* _Instructions for the task_
Word for word, the data below must be repeated in full; no picture is to be included.

* _Given information_

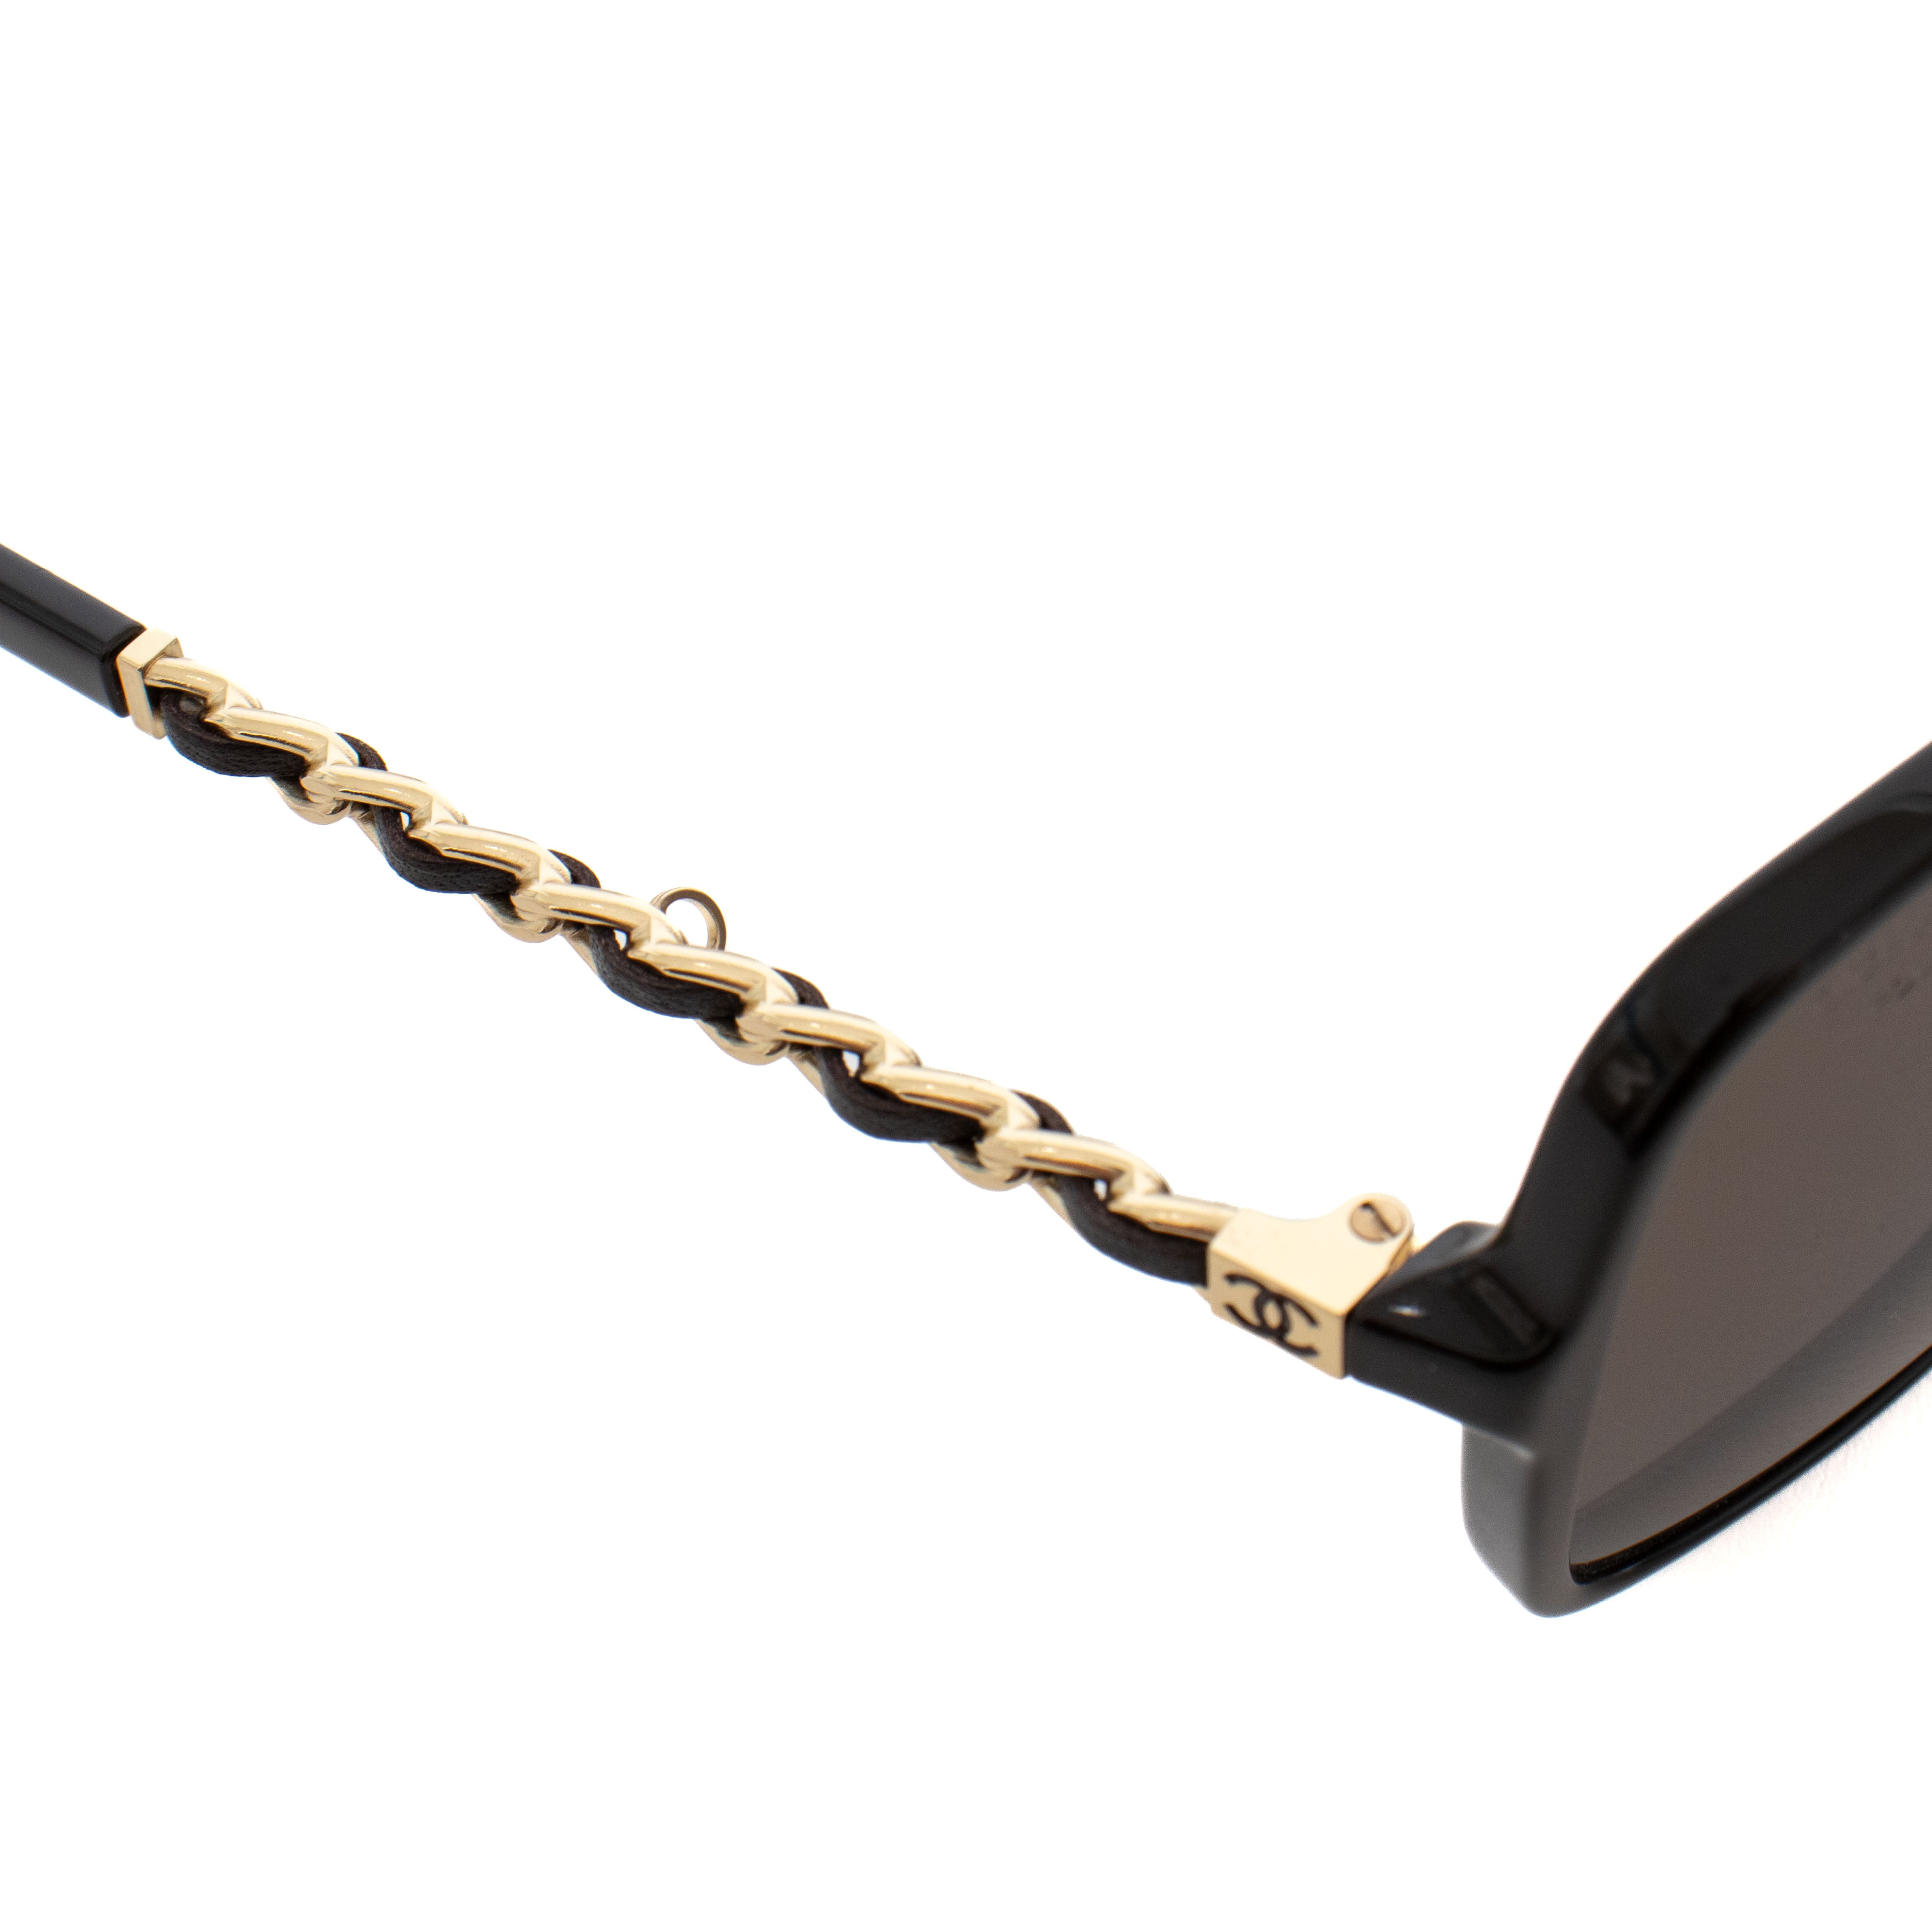 Chocolate Chain Detail Oversized Square Sunglasses
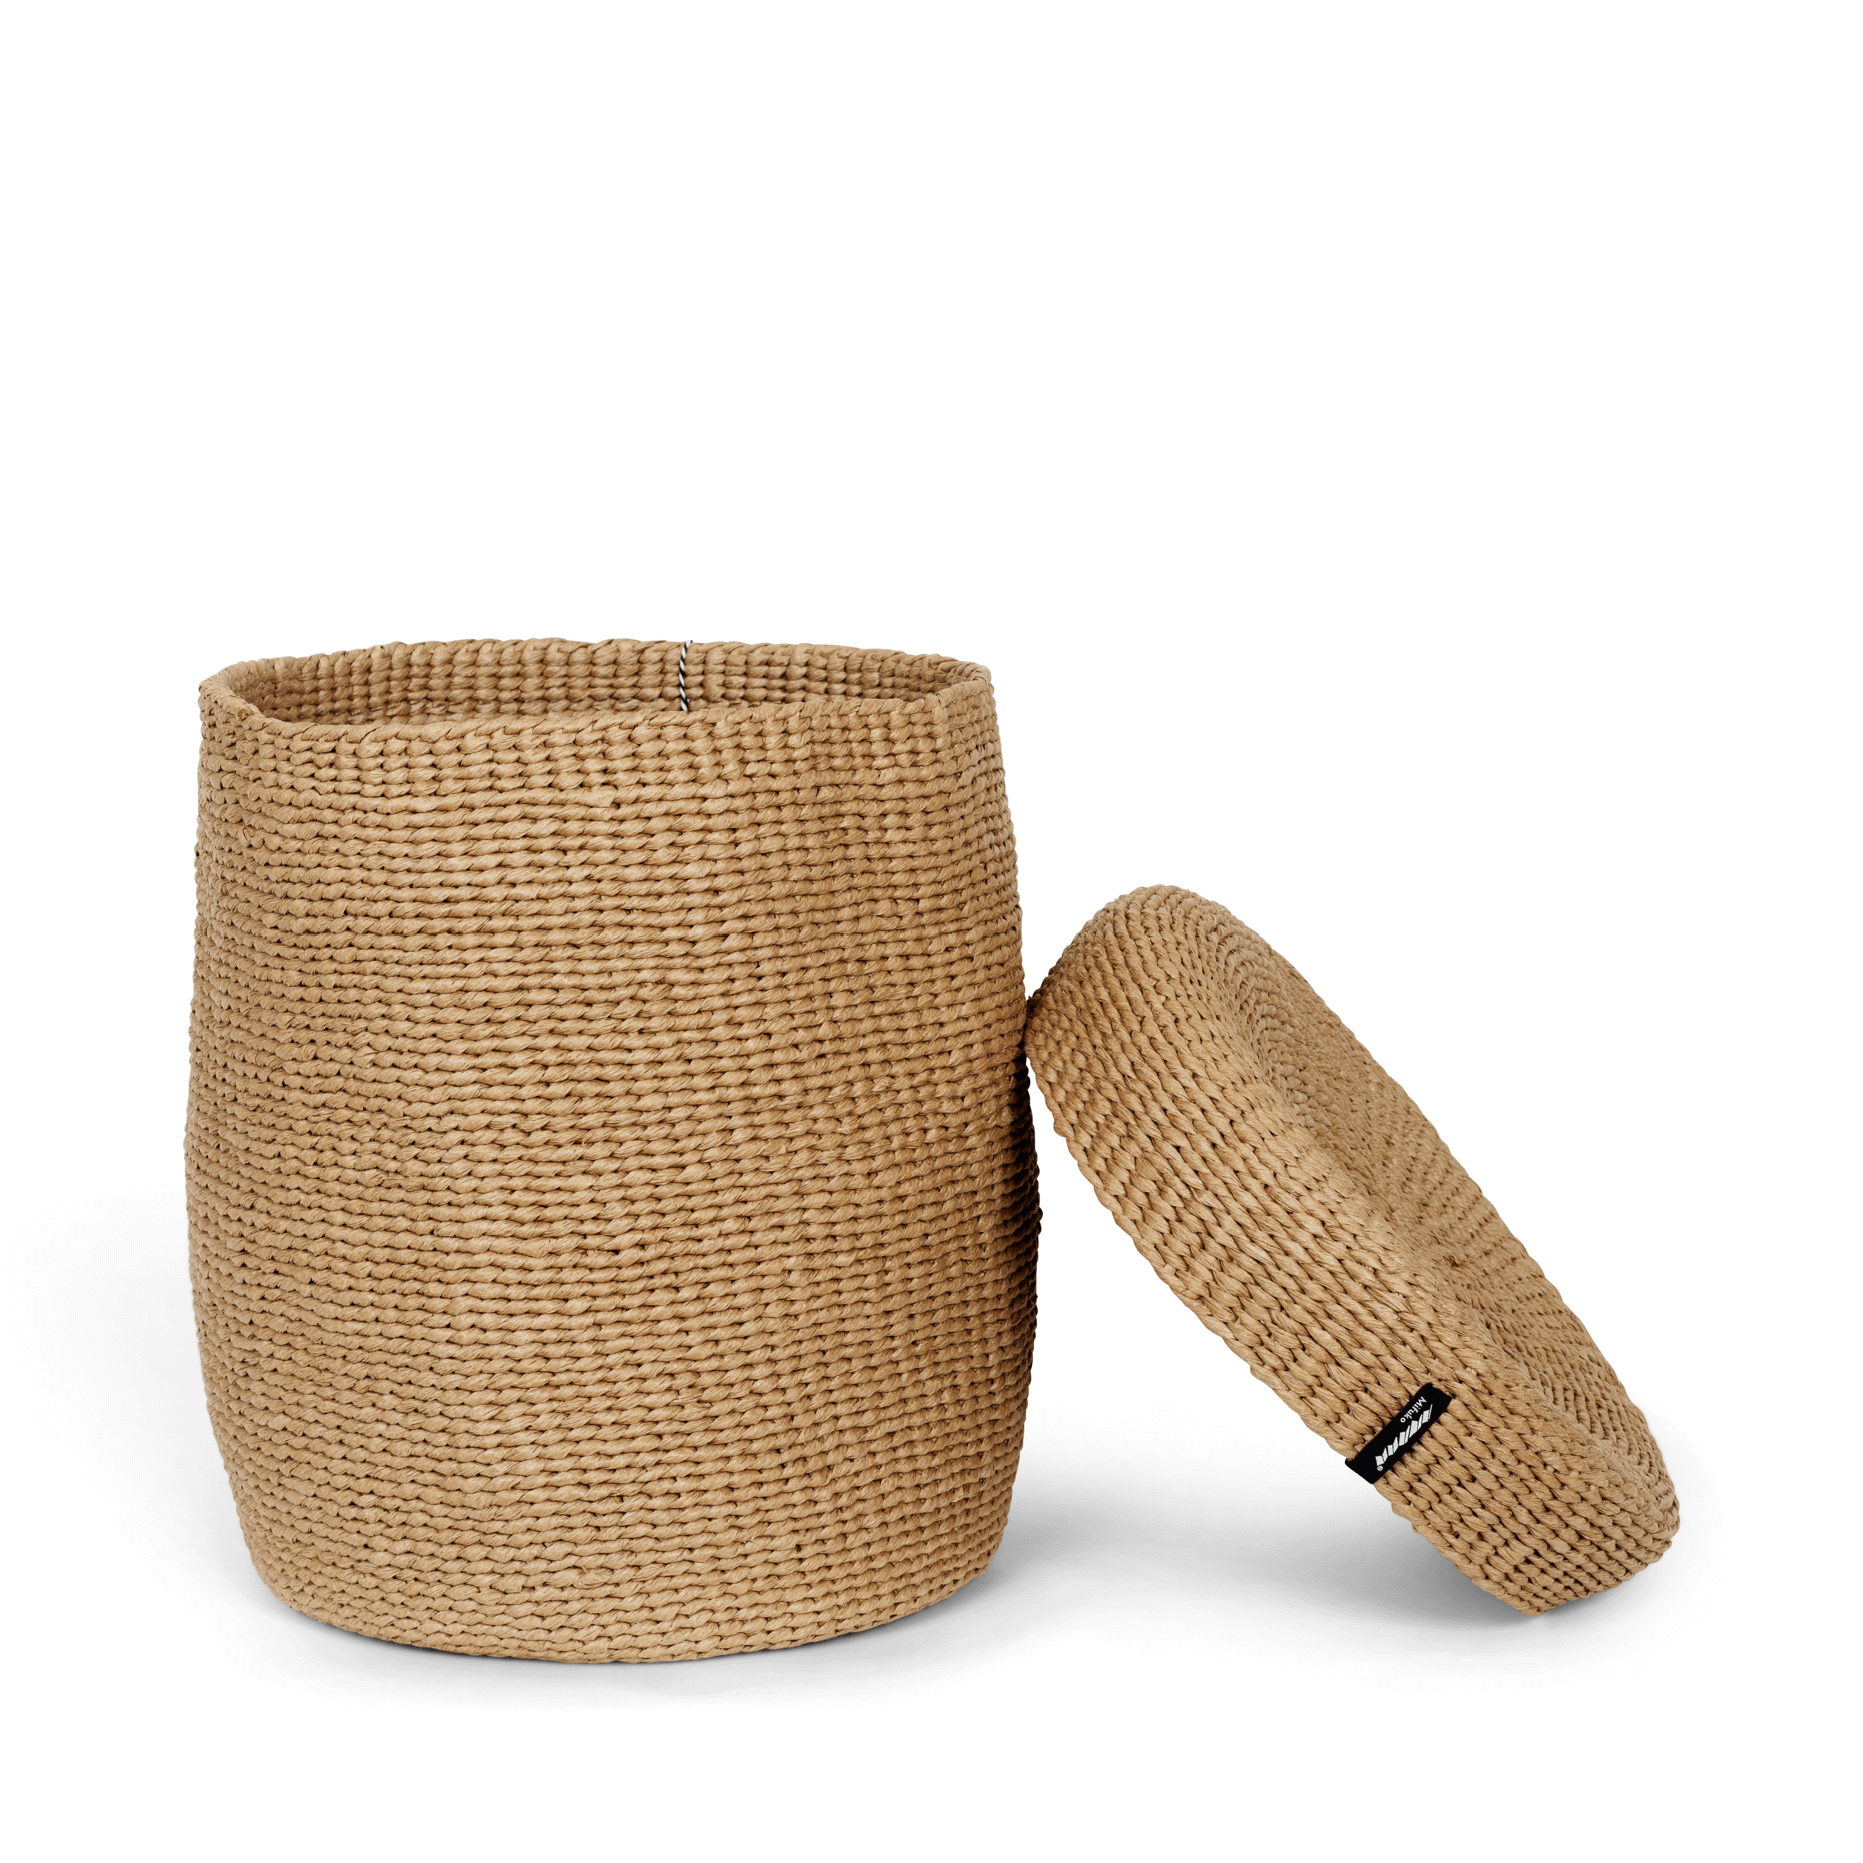 Mifuko Paper Basket with lid S Kiondo basket with lid | Brown L
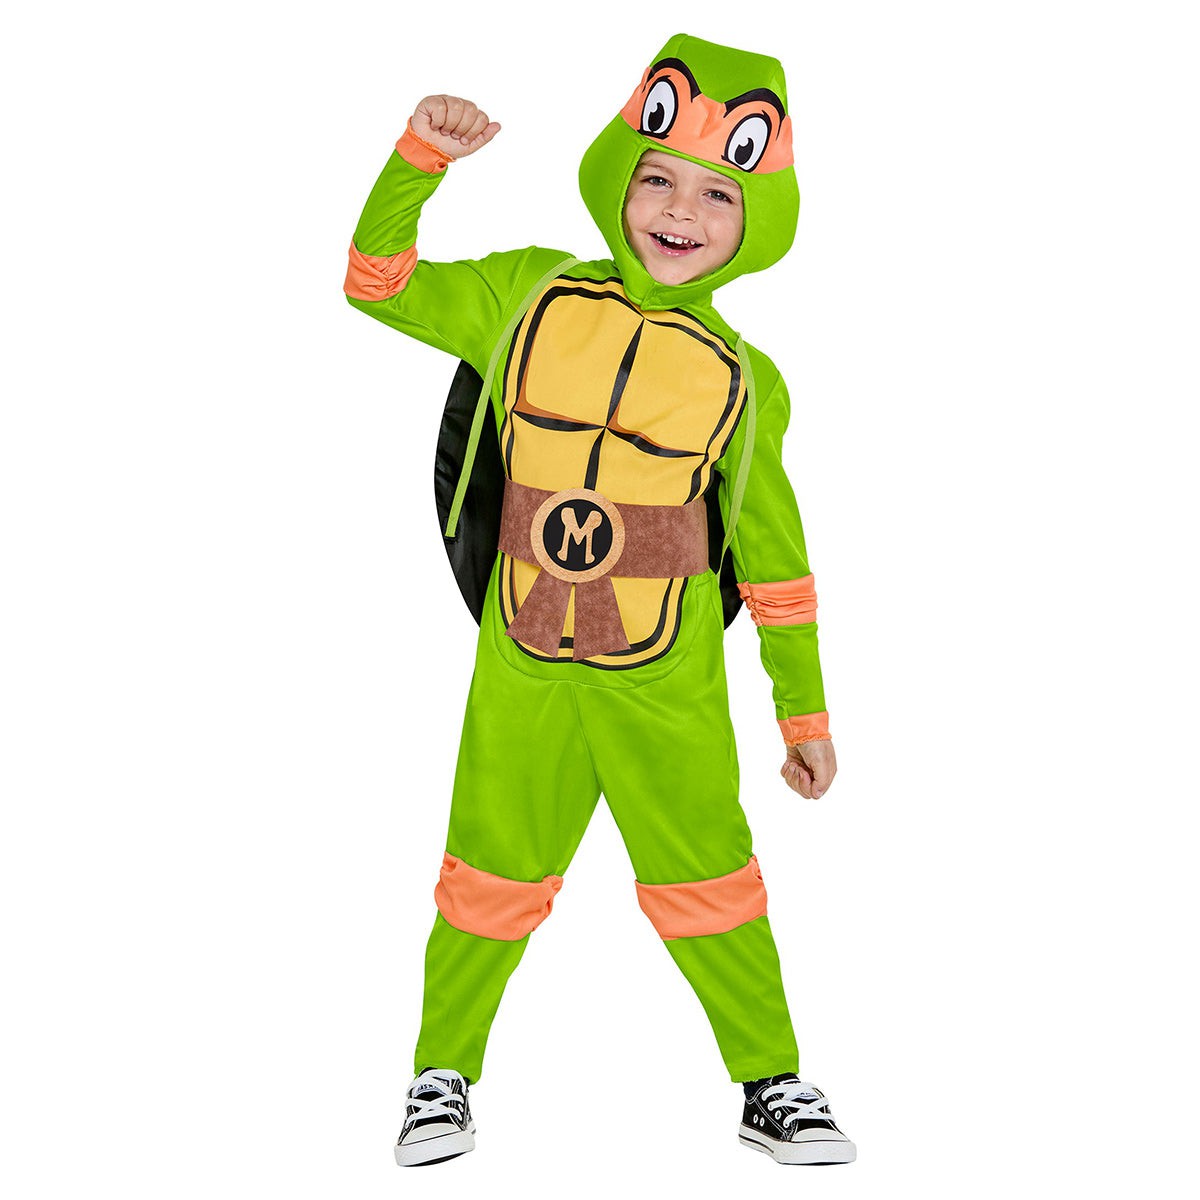 IN SPIRIT DESIGNS Costumes Ninja Turtles Michelangelo Costume for Toddlers

* _Your response_
 Chocolate Chain Detail Oversized Square Sunglasses
 Mifuko Paper Basket with lid S Kiondo basket with lid | Brown L
 IN SPIRIT DESIGNS Costumes Ninja Turtles Michelangelo Costume for Toddlers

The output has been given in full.